→ **ACTIVITY**: Copy out each line in the material below that has the word "color".

START MATERIAL SHOWN

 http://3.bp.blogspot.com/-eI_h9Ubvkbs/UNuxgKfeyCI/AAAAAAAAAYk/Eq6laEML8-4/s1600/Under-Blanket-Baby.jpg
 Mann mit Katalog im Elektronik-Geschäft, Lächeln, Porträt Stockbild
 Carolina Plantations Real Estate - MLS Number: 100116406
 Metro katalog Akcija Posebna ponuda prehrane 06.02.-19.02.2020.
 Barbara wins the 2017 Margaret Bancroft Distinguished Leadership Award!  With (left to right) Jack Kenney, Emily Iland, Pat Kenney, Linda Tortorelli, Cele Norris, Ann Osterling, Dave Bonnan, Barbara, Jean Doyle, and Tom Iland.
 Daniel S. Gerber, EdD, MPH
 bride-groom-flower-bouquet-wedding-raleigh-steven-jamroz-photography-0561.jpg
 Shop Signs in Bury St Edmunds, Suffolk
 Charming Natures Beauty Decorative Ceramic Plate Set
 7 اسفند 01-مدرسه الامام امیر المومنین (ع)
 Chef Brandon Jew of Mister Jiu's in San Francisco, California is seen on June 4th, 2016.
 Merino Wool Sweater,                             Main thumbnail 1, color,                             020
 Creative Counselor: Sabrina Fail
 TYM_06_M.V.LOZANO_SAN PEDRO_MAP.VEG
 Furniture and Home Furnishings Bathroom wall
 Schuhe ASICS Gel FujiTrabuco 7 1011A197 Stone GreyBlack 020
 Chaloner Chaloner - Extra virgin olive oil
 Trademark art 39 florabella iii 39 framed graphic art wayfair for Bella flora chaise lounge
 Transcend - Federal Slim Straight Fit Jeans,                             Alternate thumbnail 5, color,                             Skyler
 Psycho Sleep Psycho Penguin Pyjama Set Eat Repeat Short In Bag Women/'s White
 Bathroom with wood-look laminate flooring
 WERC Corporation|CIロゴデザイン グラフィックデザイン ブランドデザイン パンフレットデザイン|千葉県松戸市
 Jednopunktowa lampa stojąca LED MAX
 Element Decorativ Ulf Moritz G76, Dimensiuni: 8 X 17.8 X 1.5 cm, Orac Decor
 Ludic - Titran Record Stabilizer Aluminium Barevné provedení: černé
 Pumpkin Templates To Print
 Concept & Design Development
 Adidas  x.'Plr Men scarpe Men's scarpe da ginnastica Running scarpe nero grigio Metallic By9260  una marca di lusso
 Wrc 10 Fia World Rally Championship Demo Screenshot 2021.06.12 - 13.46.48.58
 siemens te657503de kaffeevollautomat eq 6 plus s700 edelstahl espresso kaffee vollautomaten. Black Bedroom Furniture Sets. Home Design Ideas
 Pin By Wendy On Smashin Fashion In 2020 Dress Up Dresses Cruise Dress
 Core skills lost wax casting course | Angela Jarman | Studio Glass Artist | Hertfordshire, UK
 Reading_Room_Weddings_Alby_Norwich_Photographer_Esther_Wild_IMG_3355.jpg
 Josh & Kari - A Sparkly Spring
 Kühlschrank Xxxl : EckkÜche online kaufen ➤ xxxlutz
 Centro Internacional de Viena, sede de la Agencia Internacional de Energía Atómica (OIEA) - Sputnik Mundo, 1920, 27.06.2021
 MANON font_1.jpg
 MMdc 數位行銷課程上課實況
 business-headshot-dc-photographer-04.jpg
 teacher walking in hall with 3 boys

END MATERIAL SHOWN

→ **ANSWER SECTION**:
 Merino Wool Sweater,                             Main thumbnail 1, color,                             020
 Transcend - Federal Slim Straight Fit Jeans,                             Alternate thumbnail 5, color,                             Skyler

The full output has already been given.